Two Sides of the Coin: Payments and Lending
I’m thrilled to be able to join Credit Slips this week for my first foray into law blogging. I’m hoping to write a bit about credit card advertising, bankruptcy claims trading, reclamation rights, identity theft, and my pet topic of credit card merchant fees. Later this week I’m also hoping to post something timely about Yom Kippur and debts, which might put my background in Jewish history to use (I wasn’t always an attorney).
For my first substantive post, however, I’ve decided to write about ATM fees, although they are not a “credit” or “bankruptcy” issue per se.
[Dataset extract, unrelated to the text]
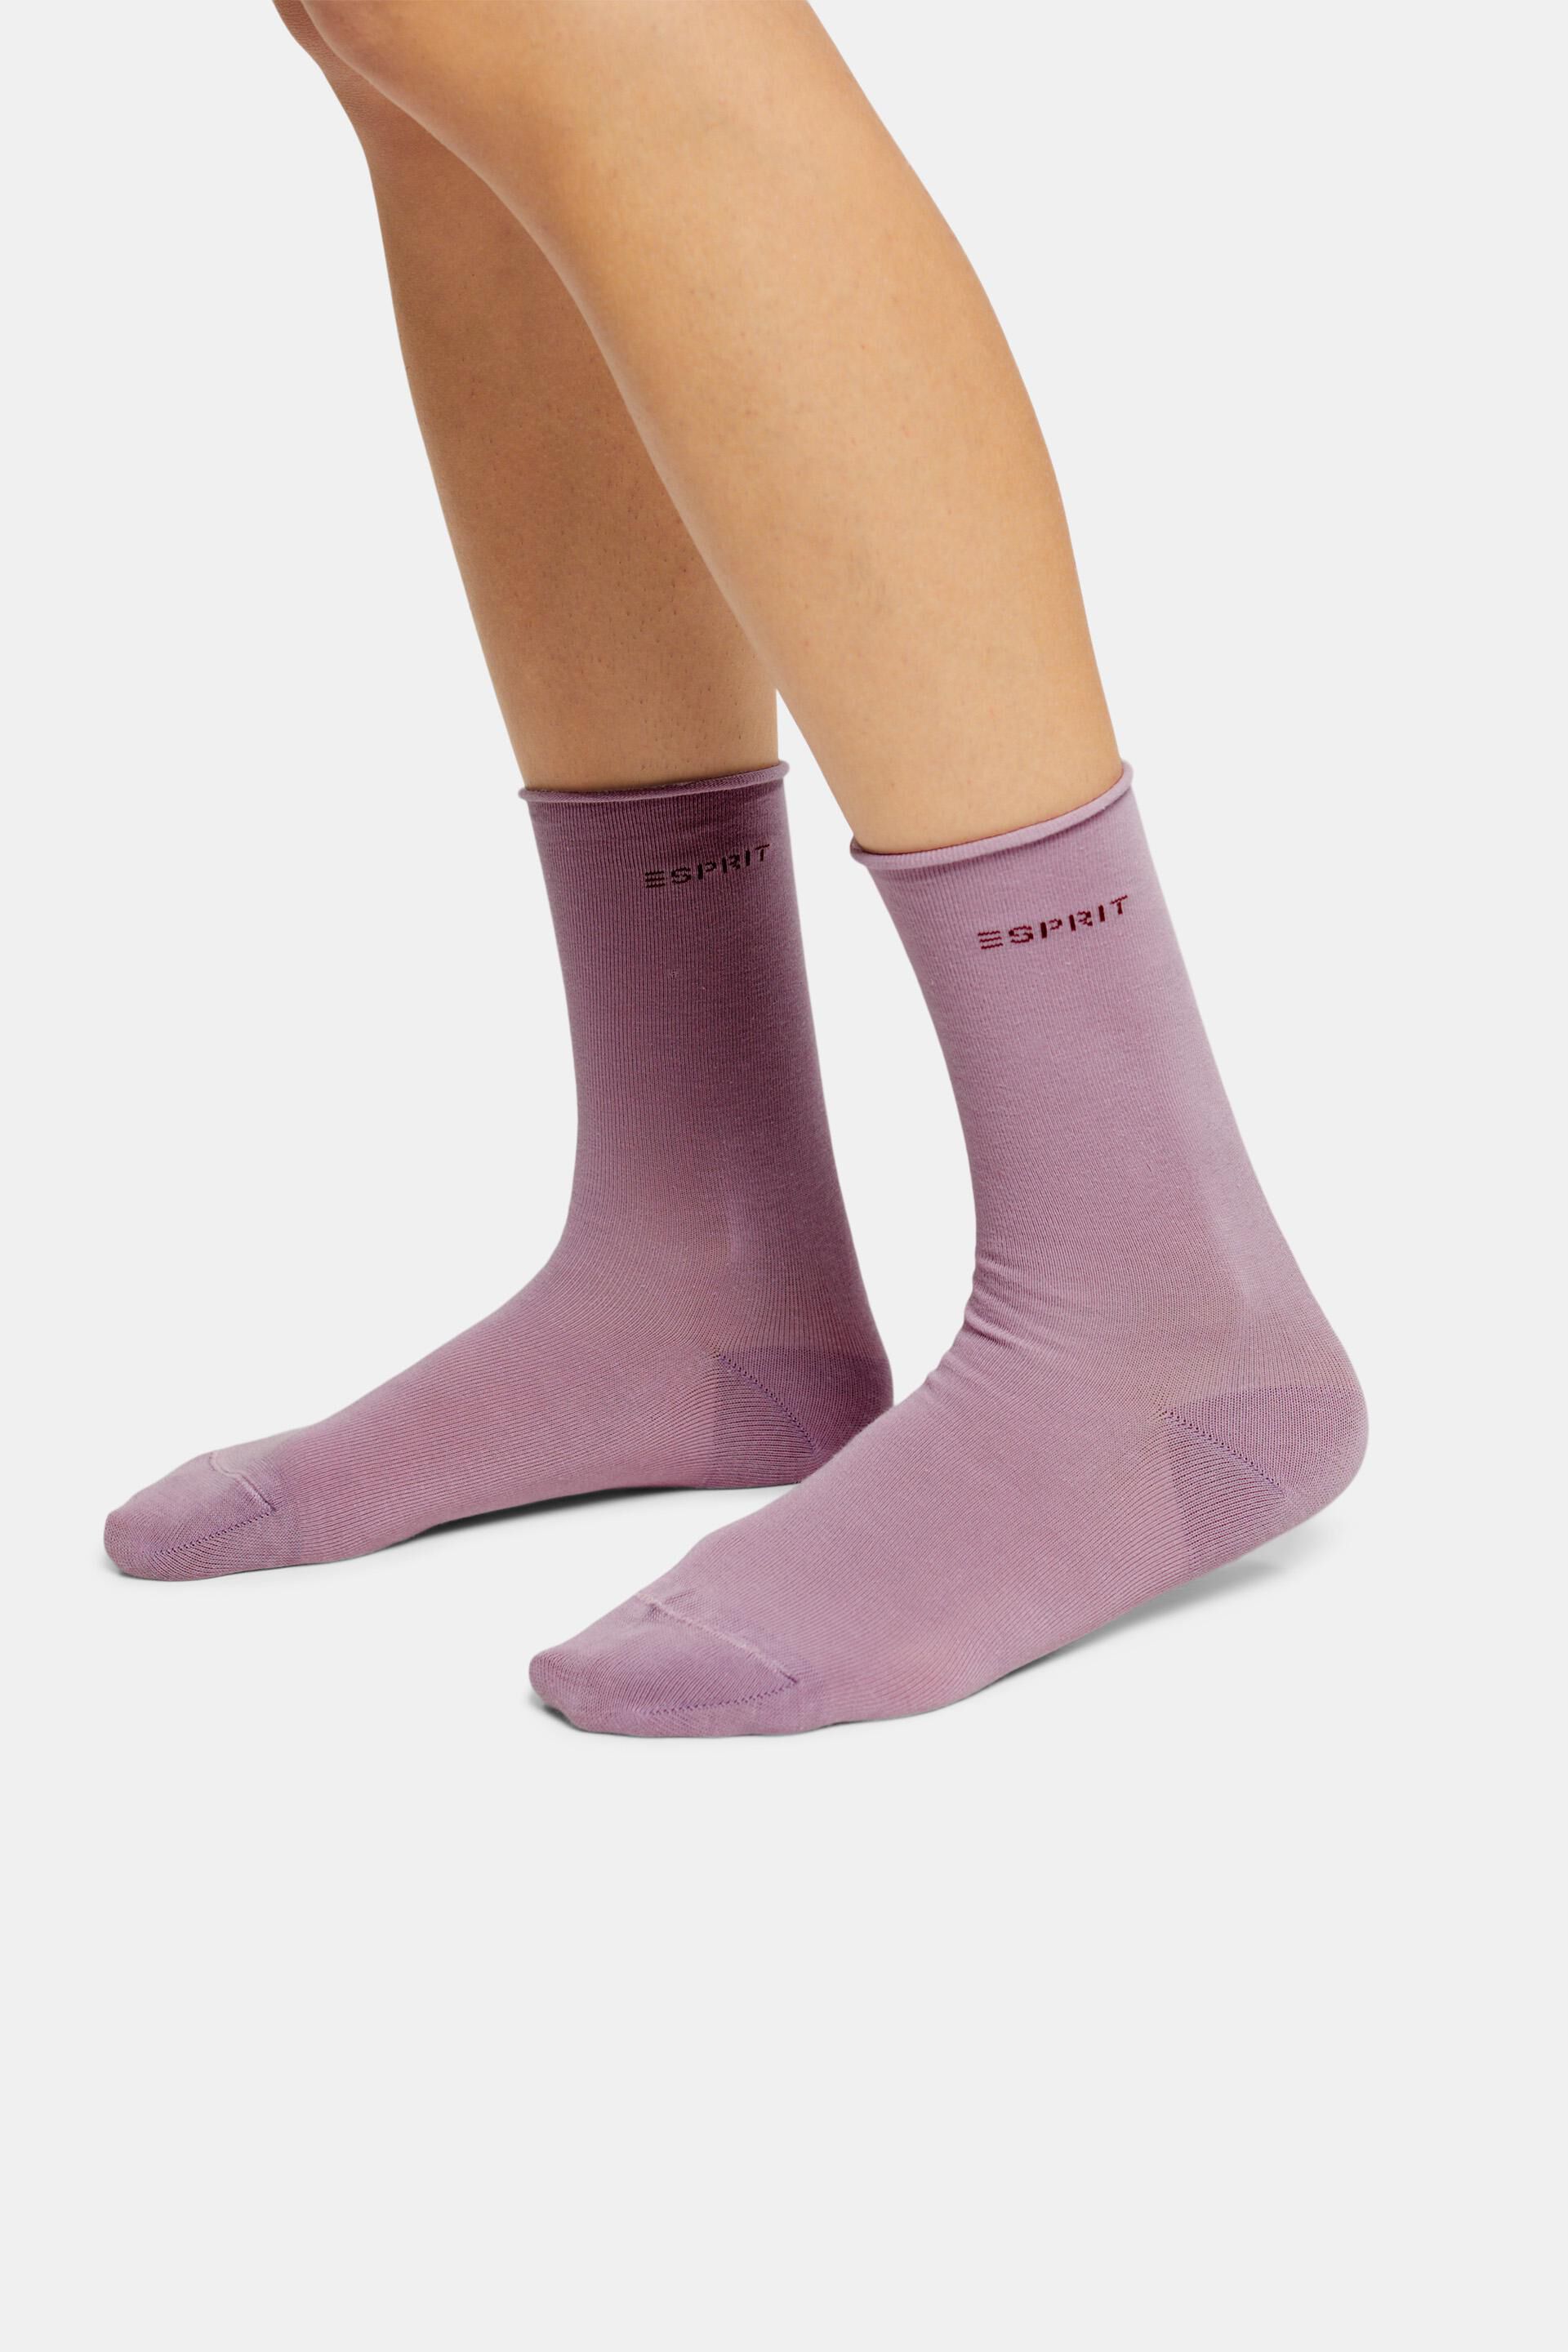 Esprit Bio-Baumwolle Socken 2er-Pack Rollkanten, mit
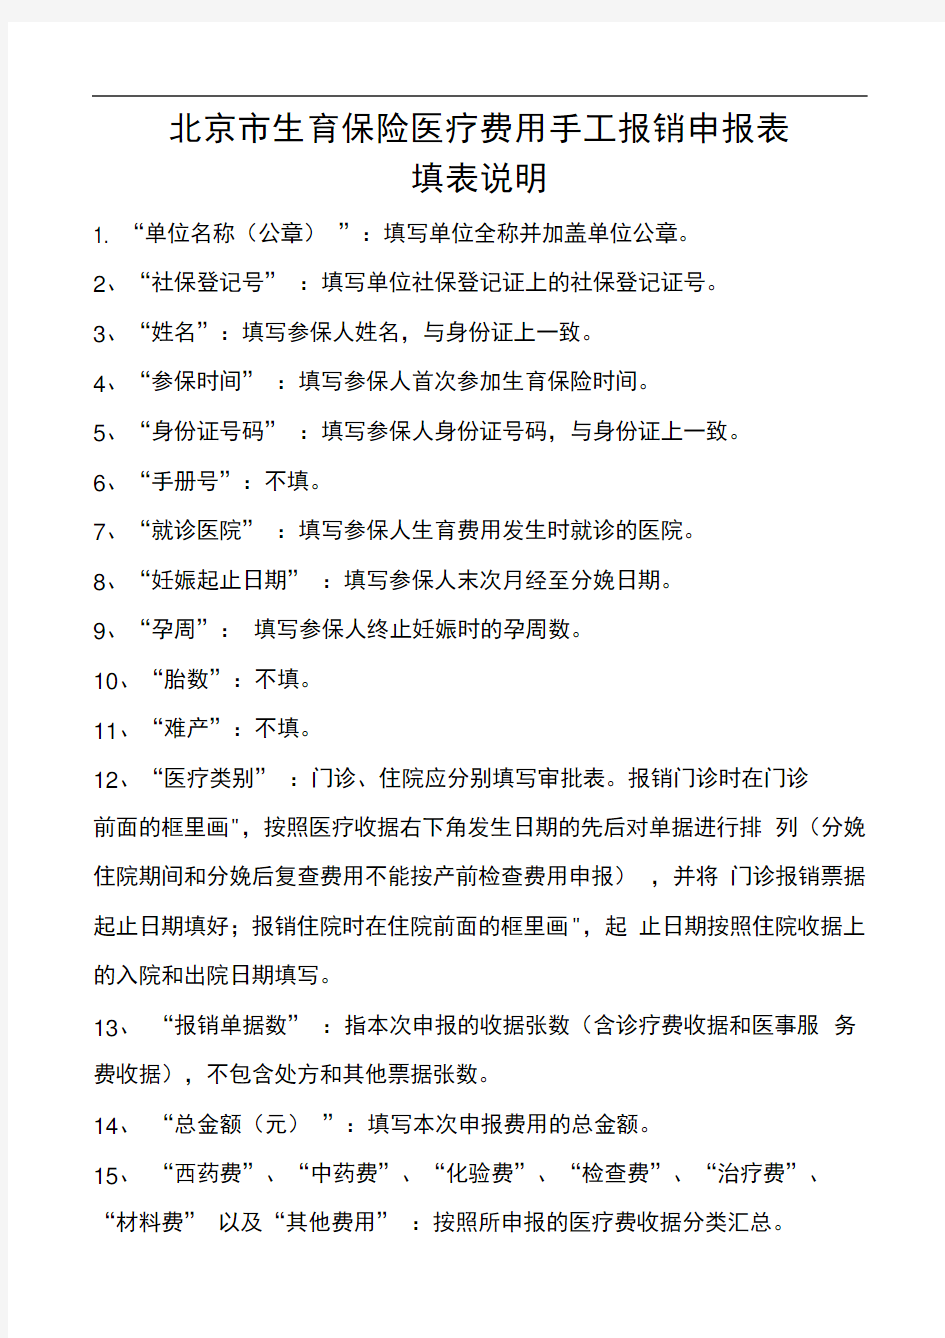 北京市生育保险医疗费用手工报销申报表填表说明(20201015234334)

Nonetheless, I think they illustrate important themes in my work—the interconnectedness of different parts of the banking industry, particularly payments and credit, and how the competitive dynamics of the banking industry affect consumer lending and consumer behavior. Credit cards are surely the posterchild for the interconnectedness of payments and lending, an issue which I'll blog about later this week.
The ties between payments and lending go much further, though, as I hope my post on ATM fees will show. What banks do on the payments side of their operations (including ATMs) affects what they do on the lending side and vice-versa. Payments and depositary accounts fund lending operations, and the costs at which banks can raise funds affects how they lend out money; it’s a lot easier to make a risky loan if the cost of capital is low. Likewise, the consolidation and concentration of the banking industry focuses and increases the banking industry’s political power, which affects all types of banking and lending regulation. So, if we want to think about lending practices, it is also useful to think about what enables and drives those lending practices, as lending is only one part of bank economics.